Don’t kid yourselves, yesterday’s jobs number was a blowout. Expectations steadily ratcheted up Thursday from a 140k increase to a 190k increase and the number still blew it away by 100k jobs. Add that to the increase in the February and March numbers by 120k and we now have much stronger job growth coming into this recovery than anticipated. The even bigger news is the household report which was FAR higher.
Which means shit like this ain’t gonna fly much longer…
“Companies are still using productivity growth and cost-cutting as a major part of their business plan,” said Joshua Shapiro, chief U.S. economist at forecasting firm Maria Fiorini Ramirez. “They are still being very slow to bring back people. Labor costs won’t be an issue.”
Nowhere is this more evident than at small businesses such as AlphaGraphics, where Alcanter is one of eight full-time employees, down from 12 two years ago. For those who remain, the modern-day mantra of “doing more with less” has changed the rhythm and intensity of daily life.
Brenda Middleton, 40, has been with the company for seven years, long enough for it to feel like family. It hurt when she saw four co-workers leave last year, three of them in layoffs. That’s when she noticed the change in workload.
“It was a little bit of whiplash effect — you got used to doing less and now you have to do more,” Middleton said. “When we did have to downsize, the people that remained were the ones who could wear more than one hat.”
A few weeks ago, a corporate adviser visited to offer tips on efficiency. Middleton said the consultant observed her from afar and then told her that she was quick.
“I have to be, to get my work done,” she replied.
The most disturbing thing to me about this recession has been the unnecessary depth of the cuts made in employment. Companies went way overboard with downsizing and have managed to muddle through by making retained employees work dramatically more. While employers can still replace employees, it’s expensive. Employees, however, are already finding it easier to tell employers that they want a better deal or they’re leaving.
Now, since we still have a high unemployment rate, it’s unlikely that any real wage growth will occur since existing workers are already maxed and a raise won’t result in more work. So, employers will continue hiring new people but even that will drive economic growth and eventually (as long as tax policy changes) lead to the holy grail, wage growth.
Now everyone is going to freak out about inflation and demand that the Fed raise interest rates…those people could really do with a nice tall glass of STFU. Here’s what I’m looking at:
1) There is a eurozone debt restructuring (not a crisis, despite the media BS) problem which is driving investors into US assets. This is driving the dollar up, relative to the euro, but relative to other economies it’s staying stable so it shouldn’t hurt exports.
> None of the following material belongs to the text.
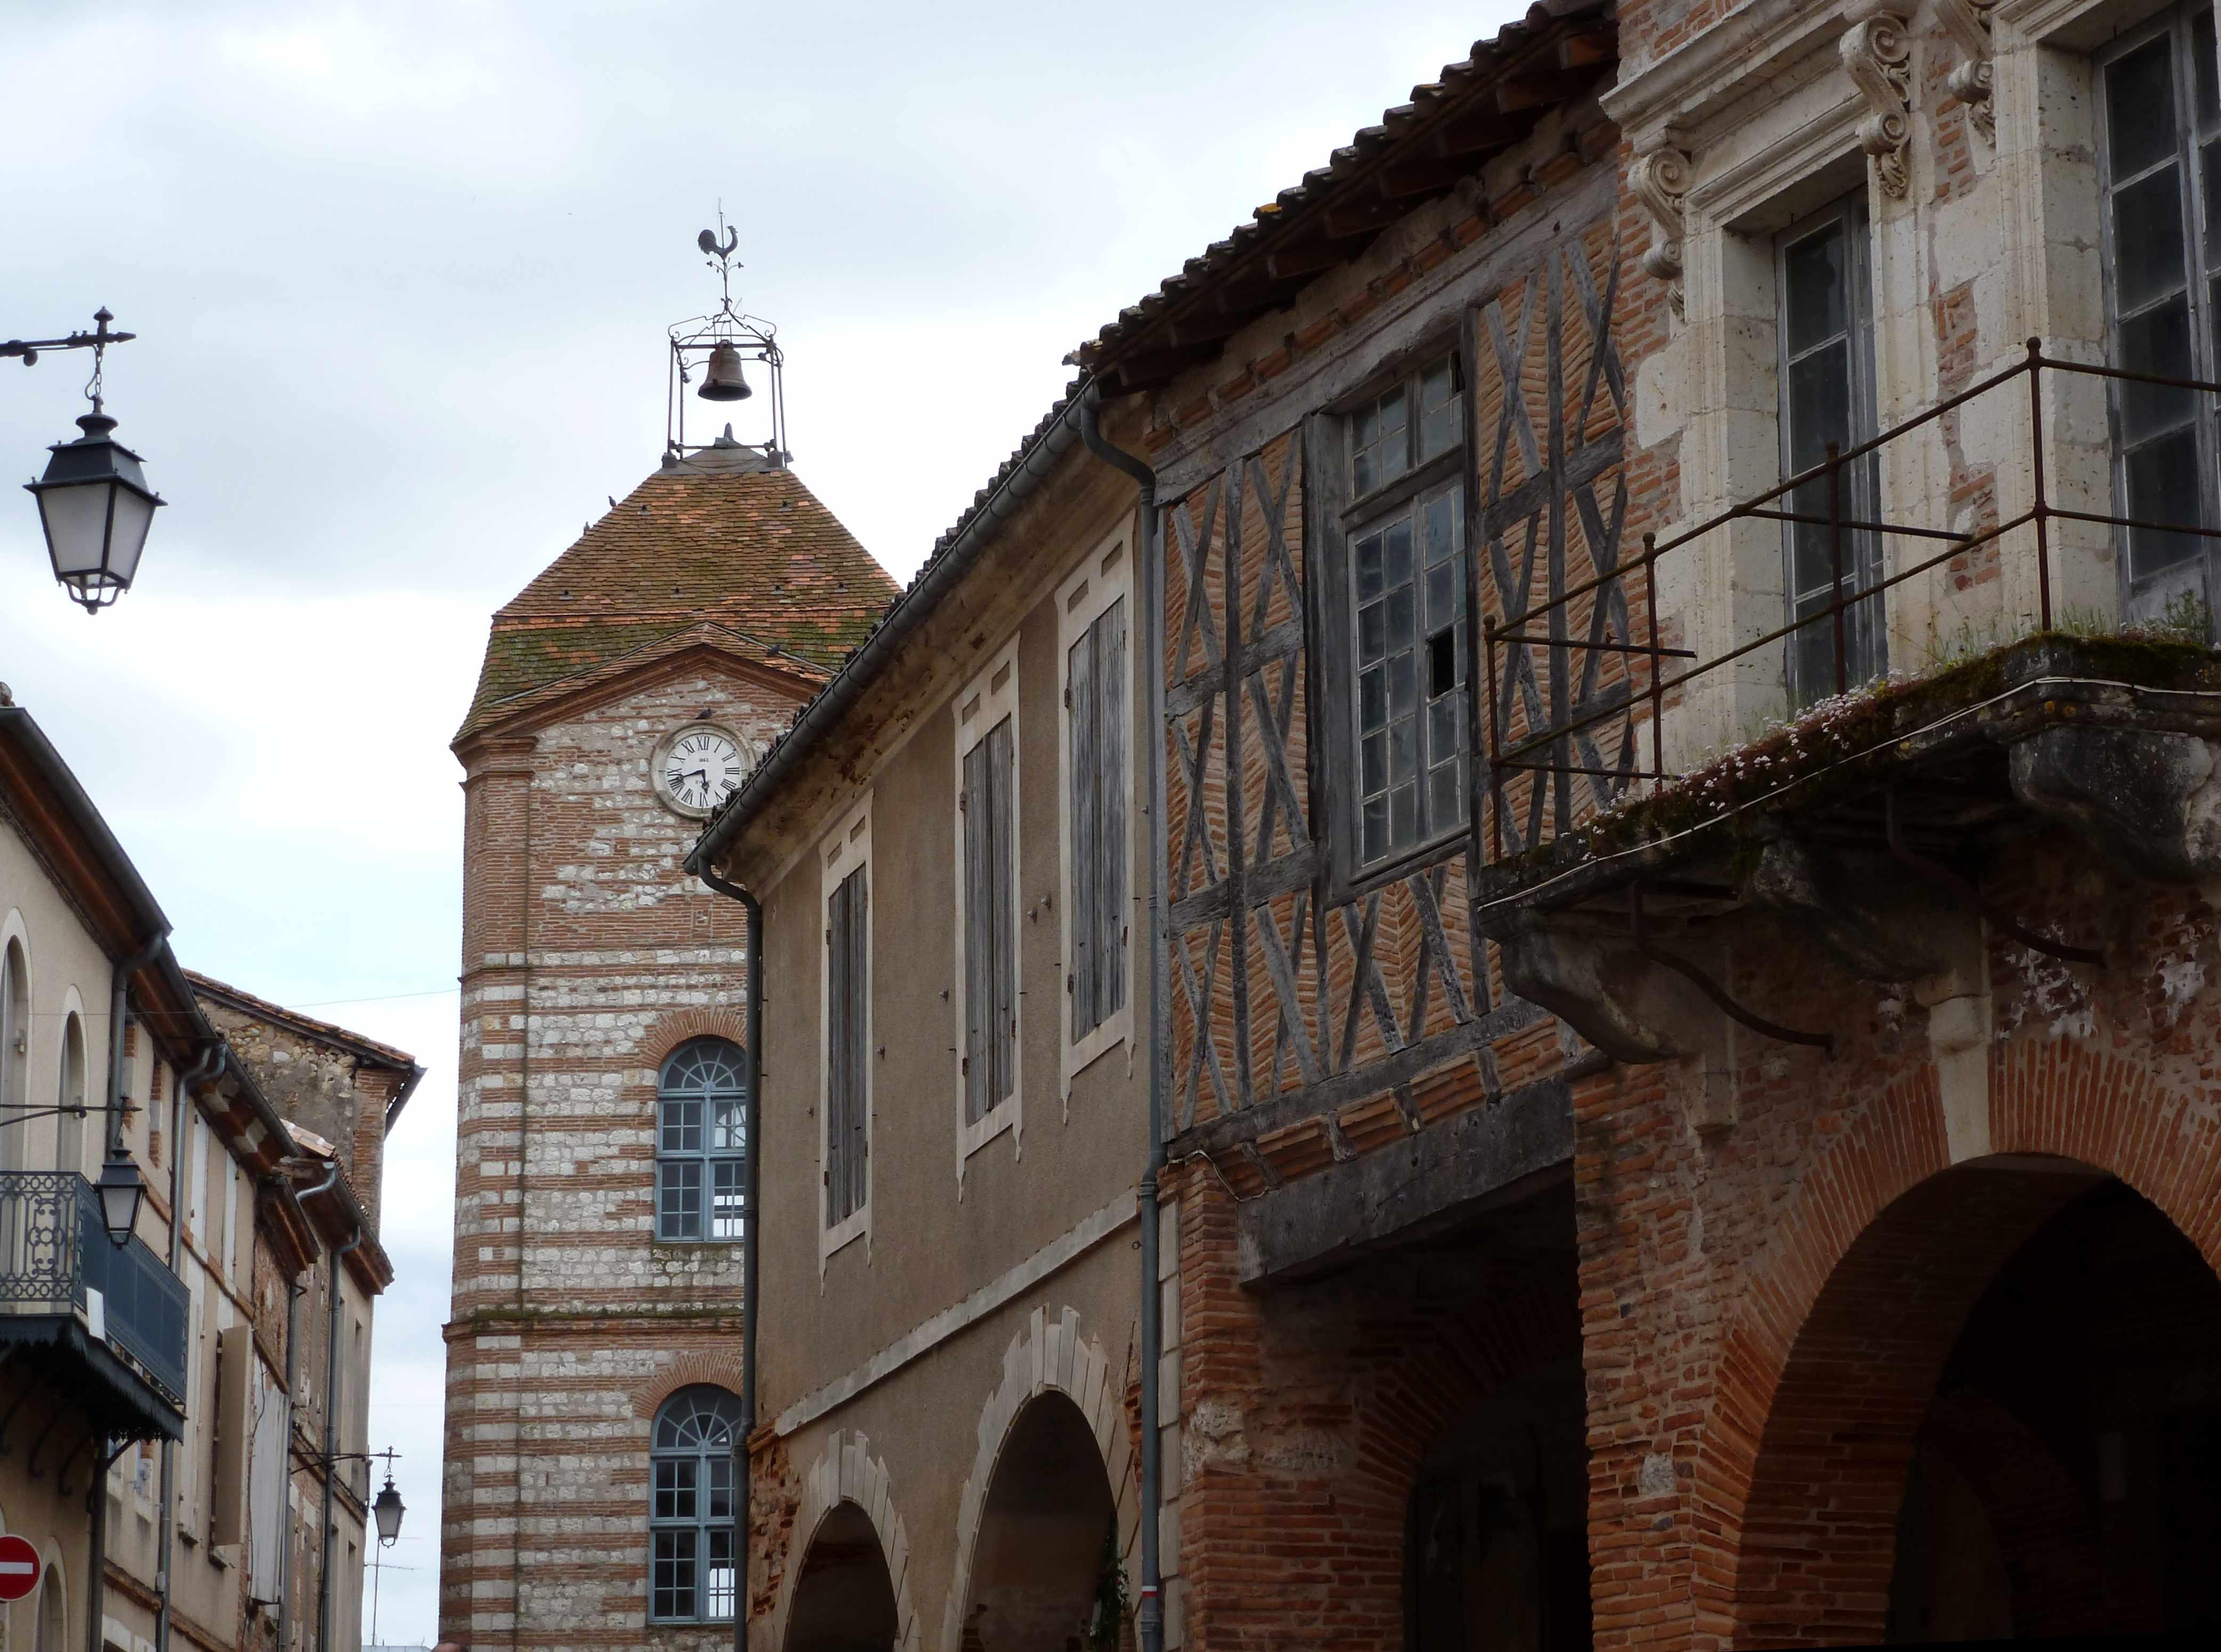 Auvillar-tour-de-l-horloge-2014-05

It is, however, helping out nicely with oil prices which have come down aggressively which puts a huge lid on potential inflation.
2) Employment is still slack between full and current which means no wage push.
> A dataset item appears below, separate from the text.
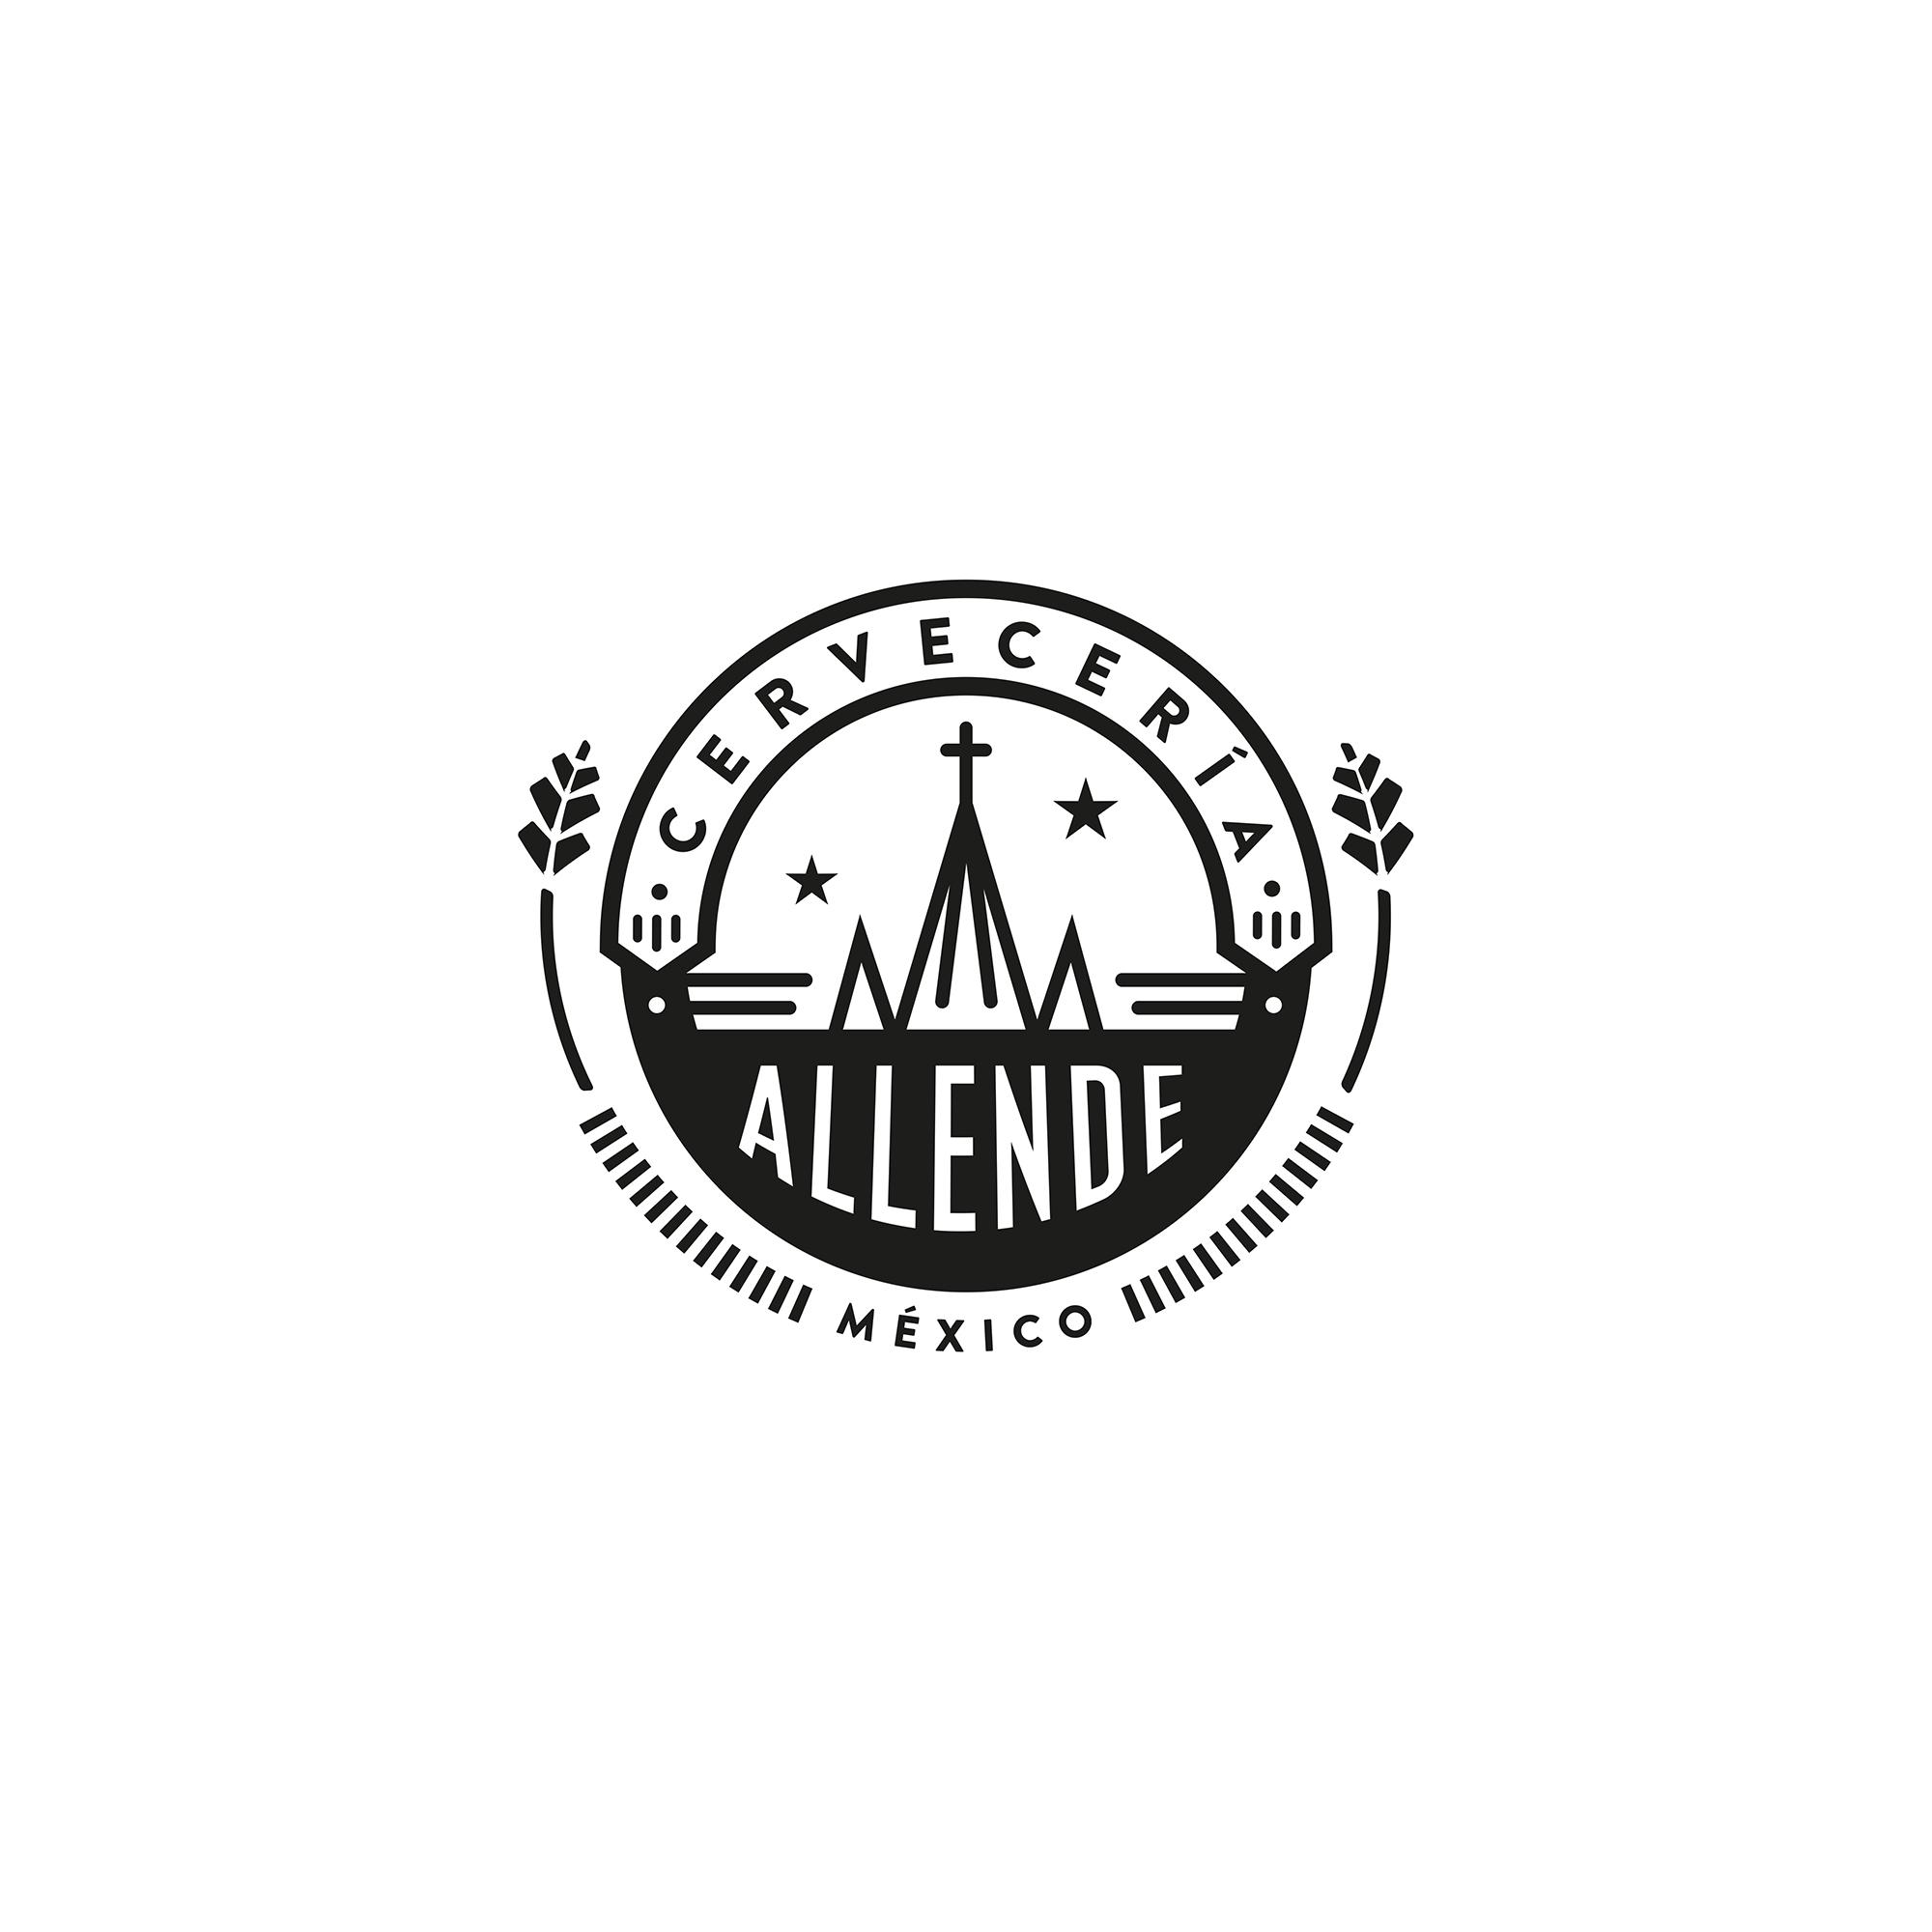 Cerveceria Allende

3) While growth is increasing and accelerating, there are still massive restrictions on credit and the balance sheet in the US, on the consumer side especially, continues to delever.
In other words, until we reach 4-5% unemployment, there’s no reason to even think about increasing rates to slow growth.
So what does all this mean? For starters, it should be obvious that Republicans who poopoo’d the stimulus and other job saving programs were, you know, wrong. Just like we knew they would be. We also know conclusively that yes, the stimulus was too small and has taken too long to get into the economy, which was exactly what I and others said a year ago when Democrats caved to the Republicans demands for tax cuts vs. spending (here, here, here, here, here and here). Even still, despite it’s diminutive size, if we’d just concentrated the entire package into spending, we could have had the recovery in employment long ago. Just so we’re crystal on this, Republicans played politics with the entire country and as a result, caused a lot of people to stay out of work longer than they should have. And the President and Democrats let it happen for bipartisanship. People suffered to two political parties could work together. Doesn’t that make you feel good?
At last it seems like the D’s have finally realized that working in any way with the Republicans is just doomed to failure which is good news for them going into November. It’s also going to be real clear, real soon that Republicans have been full of shit on economic issues since Reagan.
Finally, since there’s been so much BS about the deficit, it’s worth noting that the majority of the non-war, non-stimulus deficit is nothing more than a loss in tax revenue as a result of people out of work and extended benefit claims. With people going back to work, tax revenues go up and benefit claims go down. In other words, we may not have a deficit too much longer. Maybe then we can start paying down some of the Republican debt that we accumulated during the Bush years.